Go lets us control GC behavior with the GOGC env var, which sets the percentage of heap growth that triggers a collection cycle. The default is 100, which means a cycle is triggered when the heap doubles. If we use GODEBUG=gctrace=1 to trace GC invocations, we'll see that the GC runs over 700 cycles during our benchmark; clearly, this affects performance.

What happens if we try to tweak GOGC? Here's a chart for different values:

Run-time with different values of GOGC

The fastest run of ~6 ms is achieved with GOGC=1600 and stays stable thereafter. Using tracing again, we see that with this setting the GC only runs ~50 times during the 5 sec benchmark, compared to 700+ previously. FWIW, disabling GC entirely with GOGC=off produces a slightly slower run-time at 6.5 ms (there's quite a lot of data here, so an overly large heap may occasionally lead to swapping).

Does any of this matter? This depends on your application! Admittedly, we're deep in the weeds here, trying to shave off sub-milliseconds from fully lexing a large input file. If you care about performance at this level of granularity, it's very likely that you'll consider the full lifecycle of your application and will have the GC tuned already.
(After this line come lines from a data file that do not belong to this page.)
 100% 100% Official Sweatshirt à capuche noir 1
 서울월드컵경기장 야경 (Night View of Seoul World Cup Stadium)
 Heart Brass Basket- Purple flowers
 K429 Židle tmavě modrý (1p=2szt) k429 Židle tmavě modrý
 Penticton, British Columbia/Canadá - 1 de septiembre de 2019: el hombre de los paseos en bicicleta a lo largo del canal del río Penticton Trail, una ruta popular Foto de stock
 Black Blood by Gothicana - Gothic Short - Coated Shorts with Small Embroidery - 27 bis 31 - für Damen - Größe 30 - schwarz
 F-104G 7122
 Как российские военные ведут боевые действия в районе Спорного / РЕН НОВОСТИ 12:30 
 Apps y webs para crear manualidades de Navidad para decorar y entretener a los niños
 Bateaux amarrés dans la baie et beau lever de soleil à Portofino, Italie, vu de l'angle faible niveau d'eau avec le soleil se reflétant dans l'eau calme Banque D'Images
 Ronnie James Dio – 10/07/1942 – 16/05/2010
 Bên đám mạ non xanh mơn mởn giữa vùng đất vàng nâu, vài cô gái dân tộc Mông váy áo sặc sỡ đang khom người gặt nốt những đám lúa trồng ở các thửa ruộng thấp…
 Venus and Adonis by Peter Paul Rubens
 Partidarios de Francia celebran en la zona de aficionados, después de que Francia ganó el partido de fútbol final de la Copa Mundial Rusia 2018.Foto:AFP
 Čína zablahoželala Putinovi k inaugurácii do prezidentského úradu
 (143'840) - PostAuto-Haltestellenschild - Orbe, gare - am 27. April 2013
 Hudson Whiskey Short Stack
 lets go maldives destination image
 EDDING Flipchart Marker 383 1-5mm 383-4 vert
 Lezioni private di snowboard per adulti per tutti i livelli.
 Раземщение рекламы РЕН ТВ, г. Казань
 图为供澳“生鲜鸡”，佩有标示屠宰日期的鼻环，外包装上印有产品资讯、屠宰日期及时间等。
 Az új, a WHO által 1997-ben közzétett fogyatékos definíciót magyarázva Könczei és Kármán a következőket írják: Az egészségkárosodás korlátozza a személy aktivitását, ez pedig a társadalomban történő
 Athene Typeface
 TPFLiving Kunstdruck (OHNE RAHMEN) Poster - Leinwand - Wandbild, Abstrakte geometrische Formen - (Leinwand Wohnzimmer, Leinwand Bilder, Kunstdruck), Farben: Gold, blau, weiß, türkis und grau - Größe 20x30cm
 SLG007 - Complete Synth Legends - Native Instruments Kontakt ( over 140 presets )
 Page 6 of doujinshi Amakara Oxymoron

As we've seen with the stark performance improvements from older versions of Go, the GC has improved a lot. And it keeps improving! Right now an accepted proposal aims to add more control for users with a new GOMEMLIMIT var. This is likely to land in the next Go version (or the one after it).

A longer term proposal to add arenas to Go is also on the table. This permits much finer-grained memory control, and is particularly suited for programs like compilers or other users of lexical analysis. Such programs have a lifecycle that's very suitable for arenas - you allocate a bunch of data per phase, and then at the very end you release everything in one step.

Conclusion

This post discussed some potential optimizations to a lexical scanner written in Go. It touched upon the relative efficiency of converting byte slices to strings vs. taking substrings, discussed some strategies w.r.t. API design in Go, and even got into optimizing GC behavior.

I'm pleasantly surprised at how fast lexical scanning in Go is. Even the copying version without GC tuning takes 9.6 ms to process 1 MiB of input source - that's over 100 MiB /sec! Depending on where your source is stored, this could be almost as fast as, or faster than your CPU can read the source into memory. With API changes and GC tuning we were able to improve this by a further 37% to 6 ms, though the specifics here depend on your actual application. Compared to our original version compiled with Go 1.2, the new lexer is more than 3 times as fast!

Update (2022-05-24): The in-development version of Go (1.19) runs this benchmark even faster at 5.6 ms (with GOGC=1600)! Go 1.19 should be released in August.

Update (2023-06-02): Today's in-development version of Go (1.21) runs this benchmark in 4.5 ms (with GOGC=1600)! Go 1.21 should be released in August 2023, but you can try it today with gotip.


[1]

To run this with Go 1.5 I had to comment out the t.Run wrapper in the tests since this method did not exist in 1.5 yet; the tests still pass just fine, but in case of failure the reporting would be less helpful.

Also note the TDINPUT environment variable. This is just to reuse the large-ish input file in multiple places without having to commit it to Git many times.